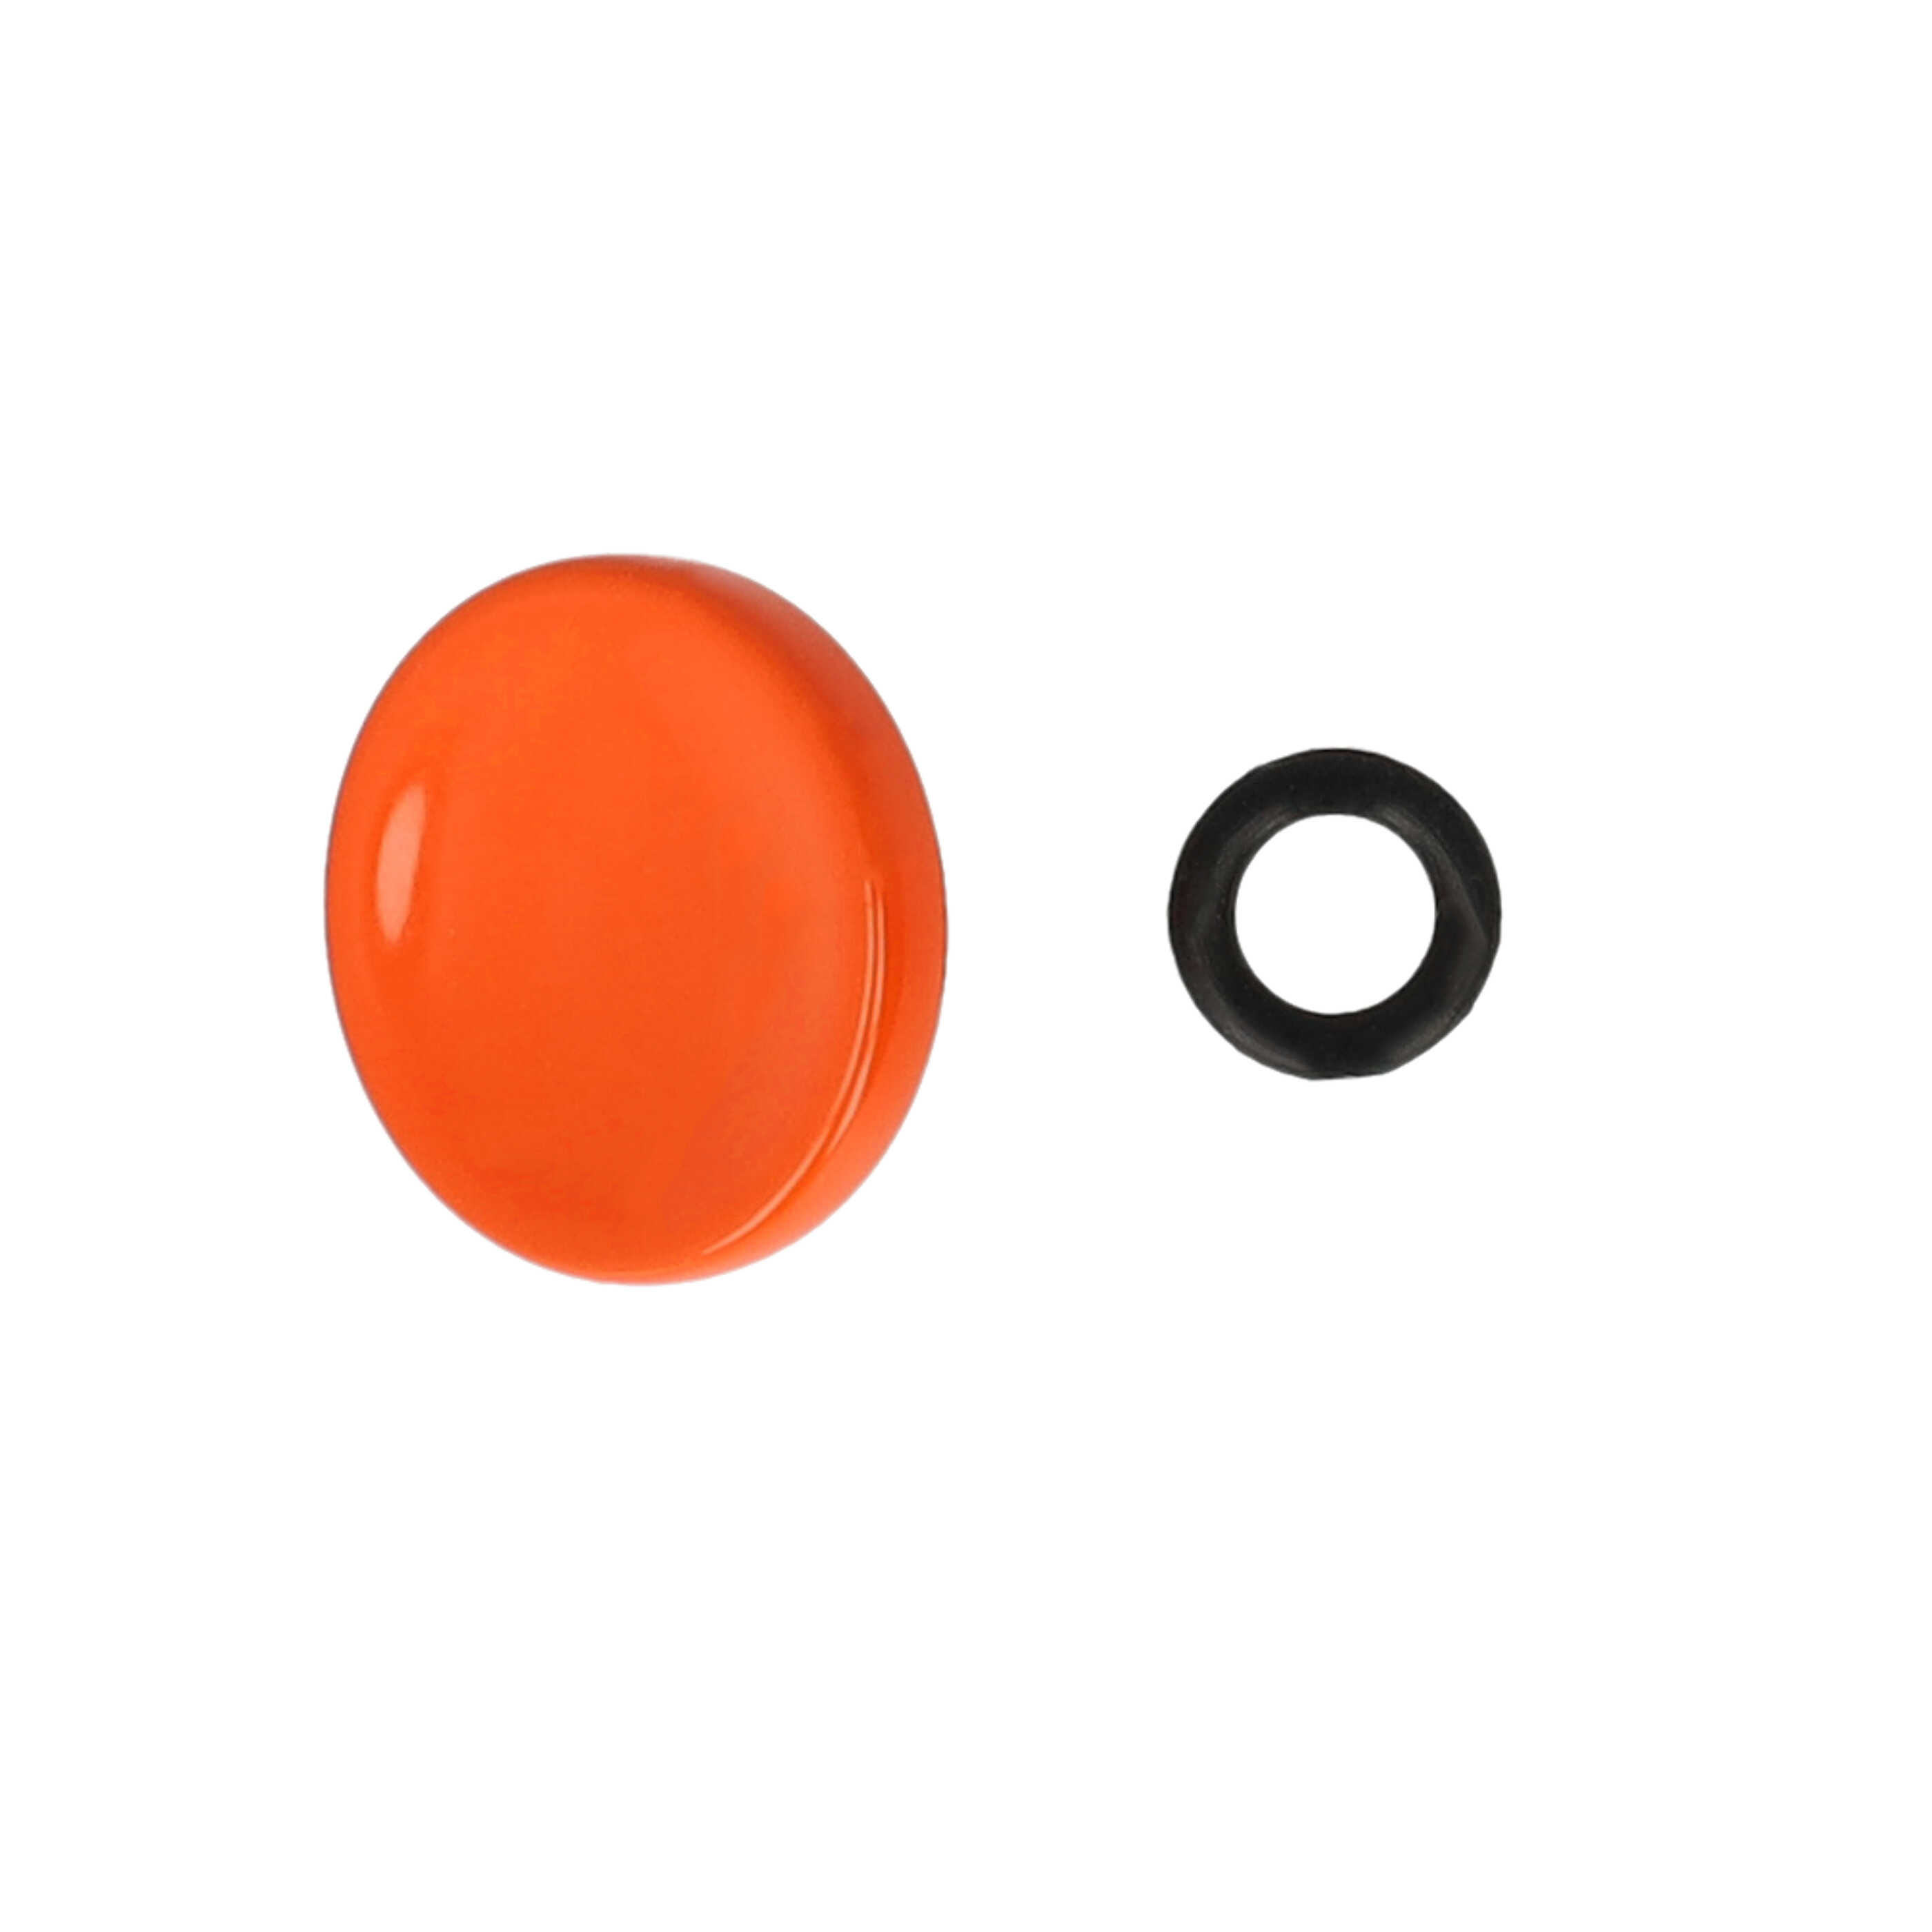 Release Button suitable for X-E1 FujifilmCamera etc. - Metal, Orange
————
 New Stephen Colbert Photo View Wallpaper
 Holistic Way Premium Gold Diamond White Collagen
————
> YOUR INSTRUCTIONS:
What you return should be exactly the lines above, starting at the one with "New Stephen Colbert Photo View Wallpaper" and ending at the one with "Holistic Way Premium", and nothing else.

> SOLUTION TO THE EXERCISE:
 New Stephen Colbert Photo View Wallpaper
 Holistic Way Premium Gold Diamond White Collagen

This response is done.